Activity.
Images don't belong in the copy. Output the rest of the data exactly.

Material provided.
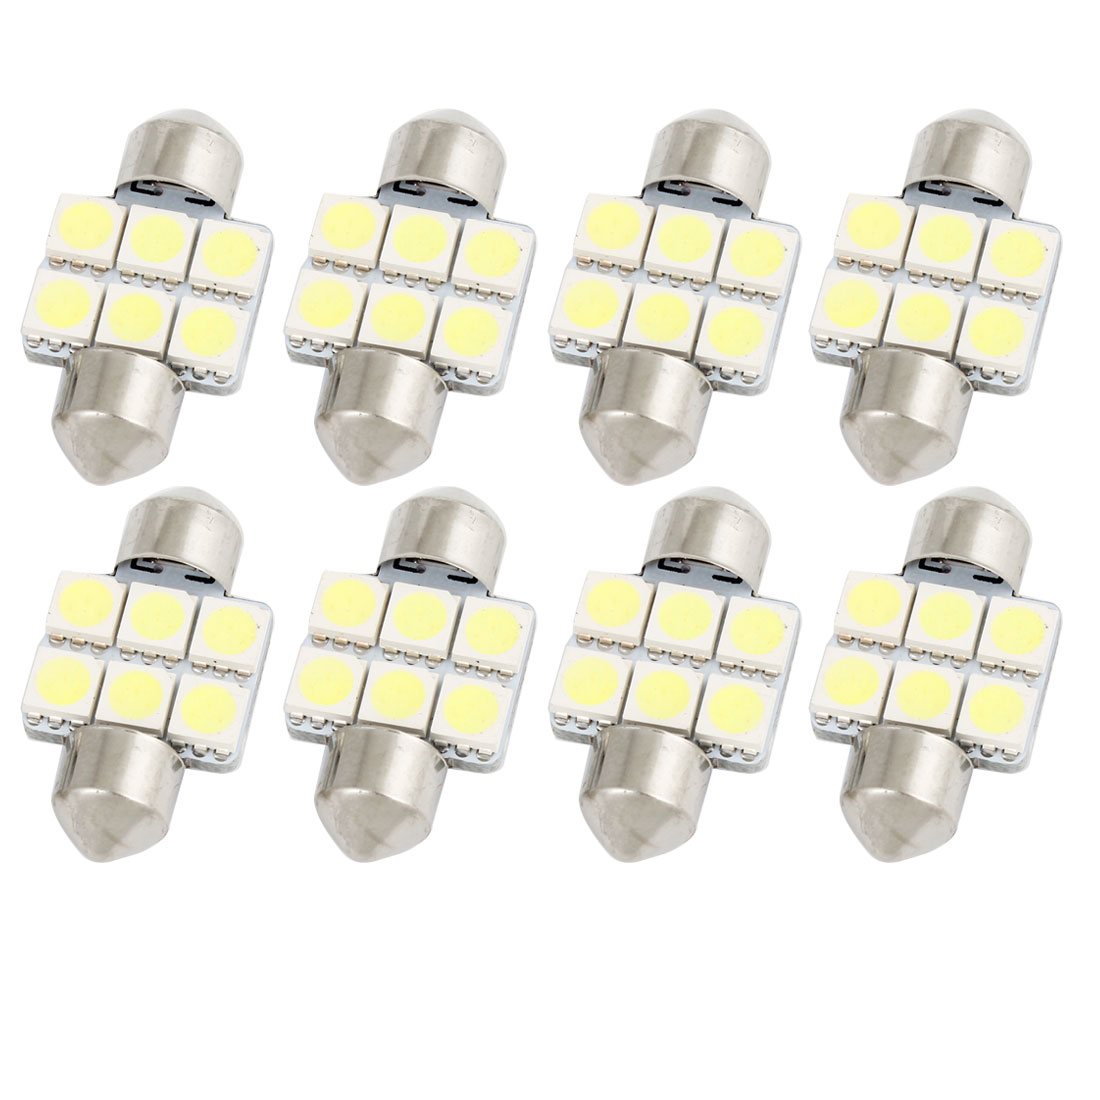 8Pcs 31mm 5050 SMD 6 LED White Festoon Dome Map Reading Light 3175 3022 3021 Internal
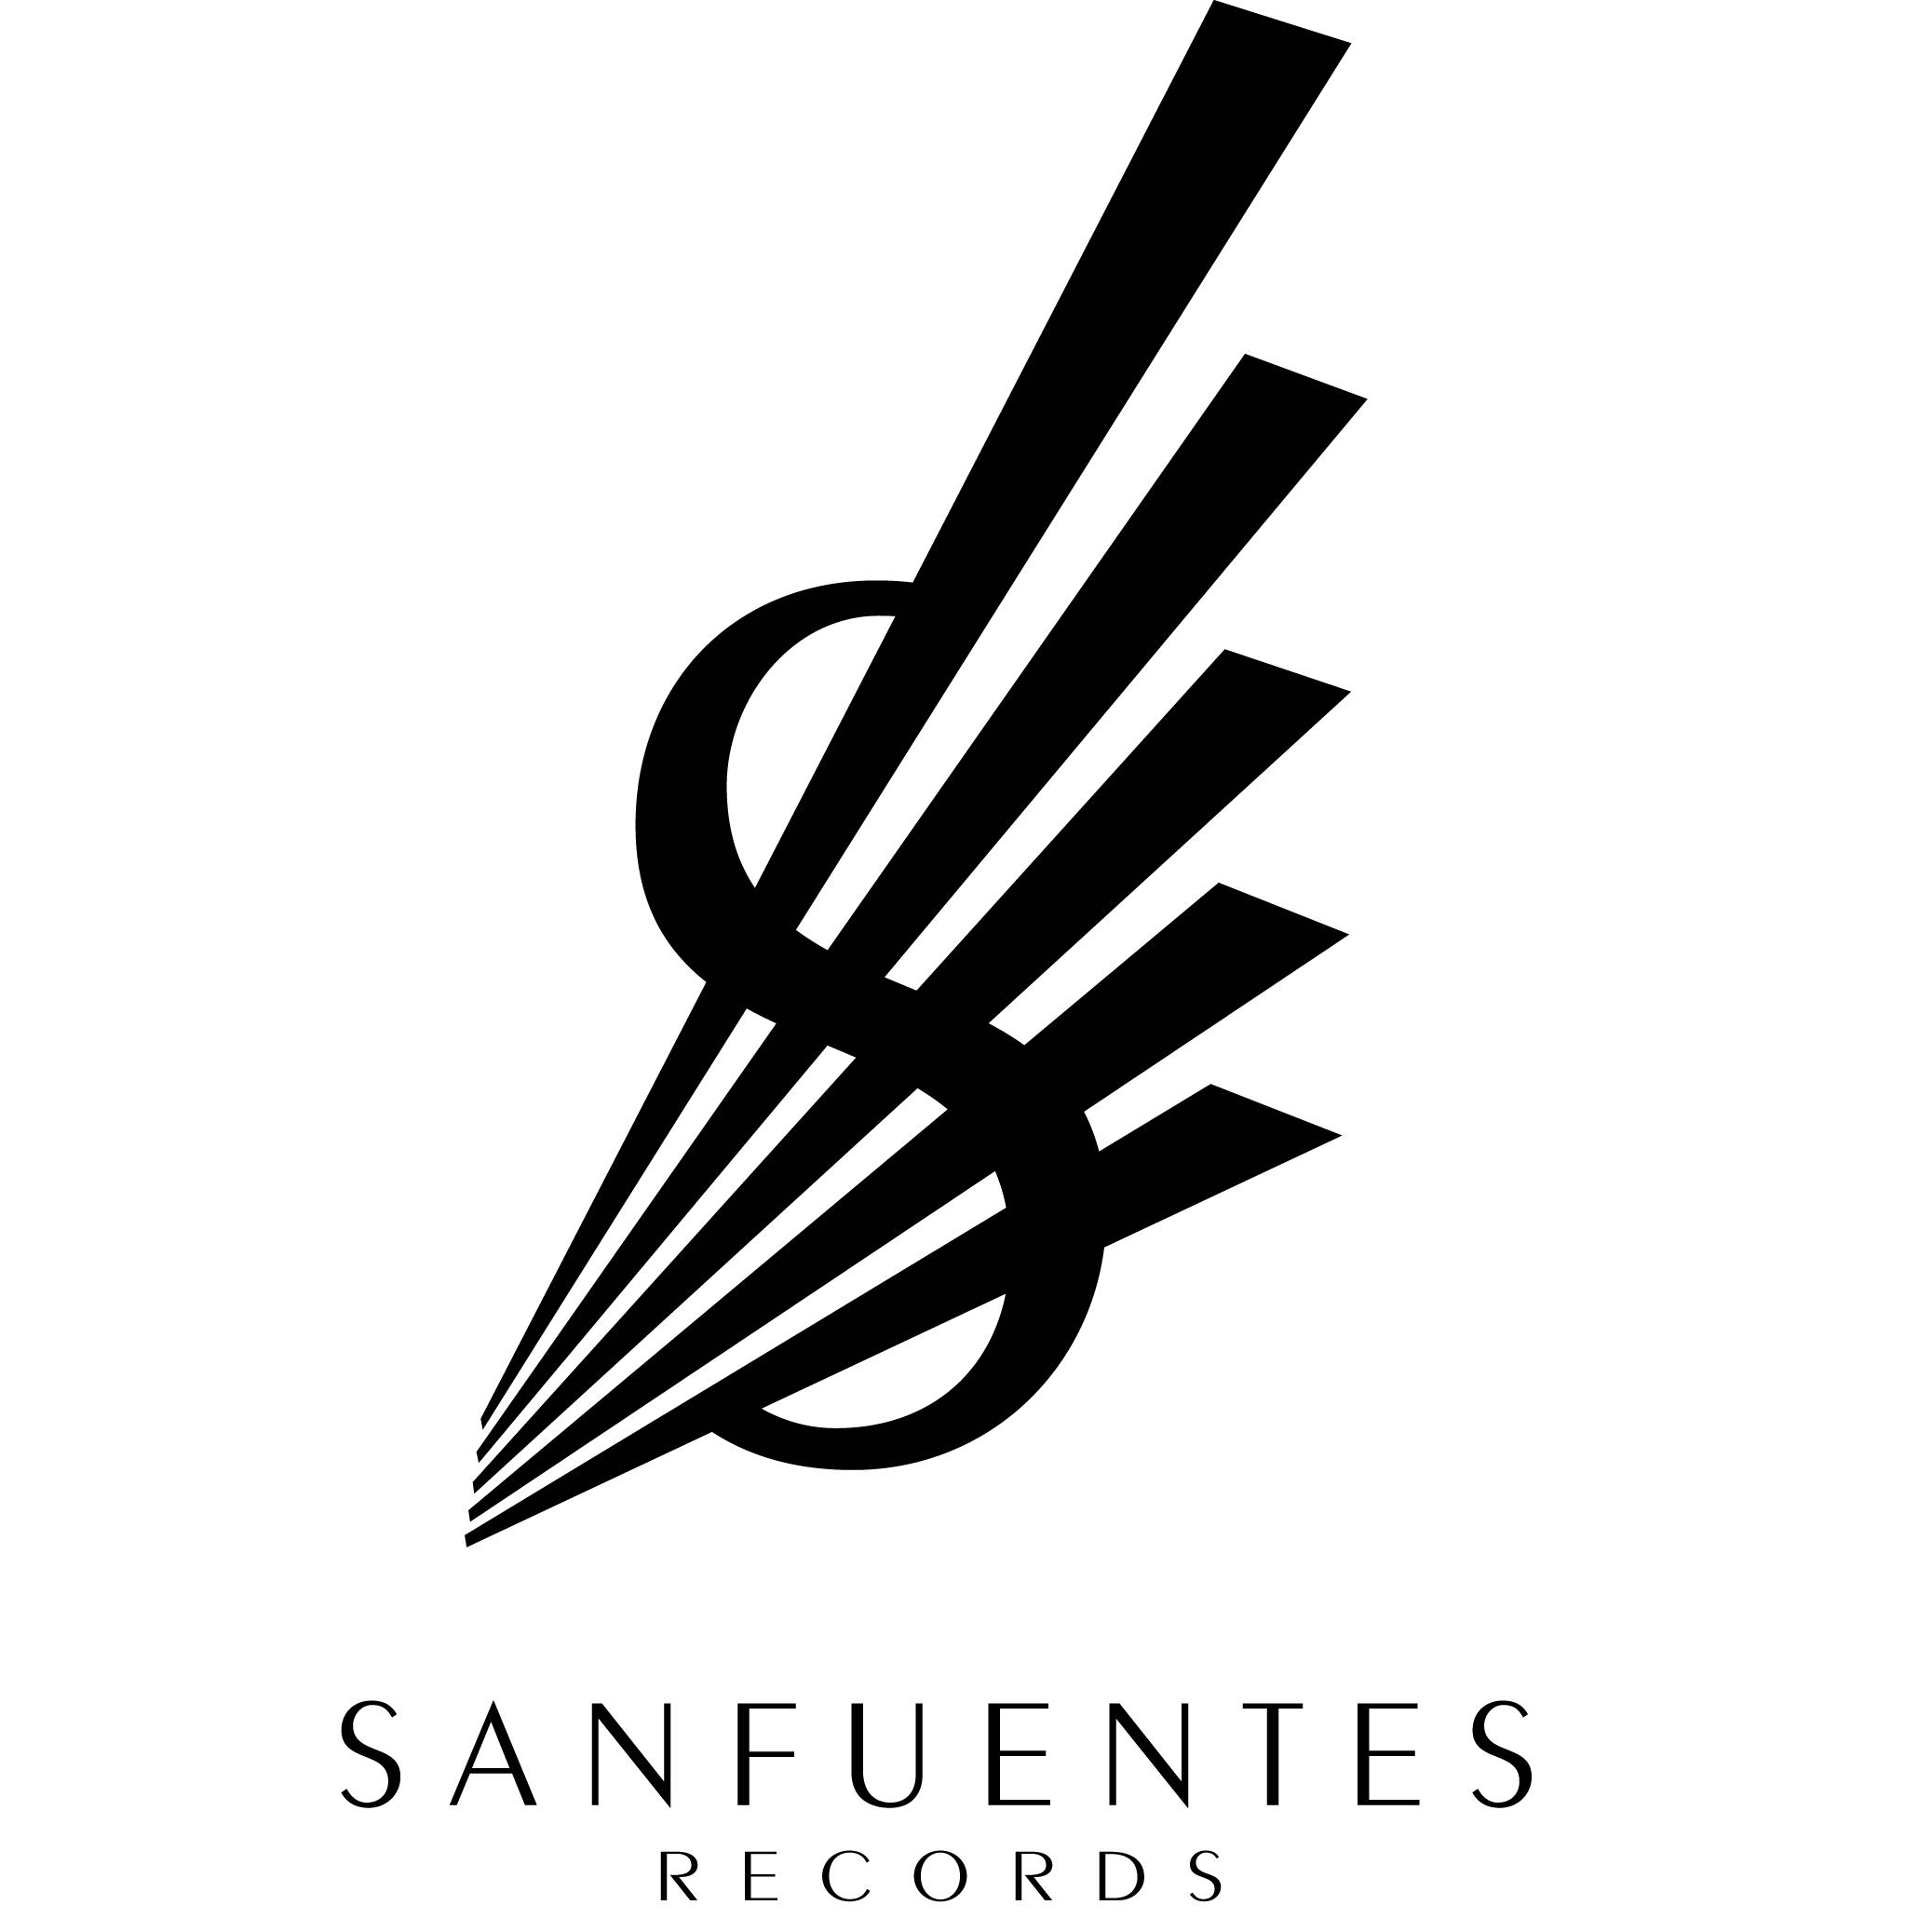 Sanfuentes Records
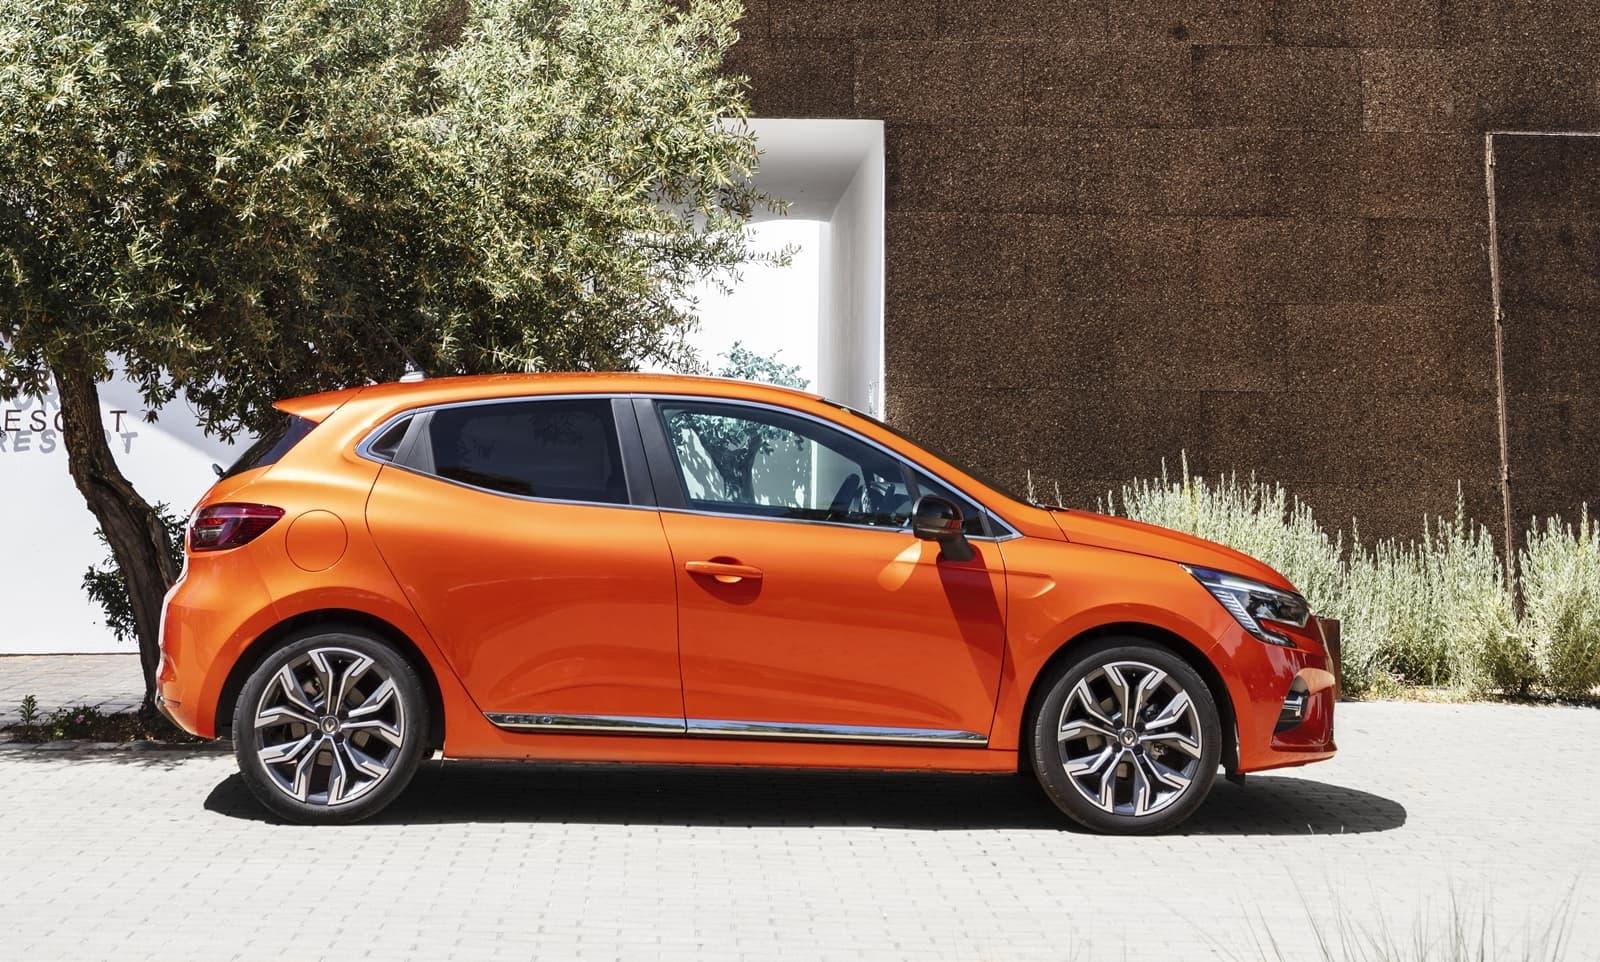 Renault Clio 2020 Prueba 0619 018

Solution for this exercise.
 8Pcs 31mm 5050 SMD 6 LED White Festoon Dome Map Reading Light 3175 3022 3021 Internal
 Sanfuentes Records
 Renault Clio 2020 Prueba 0619 018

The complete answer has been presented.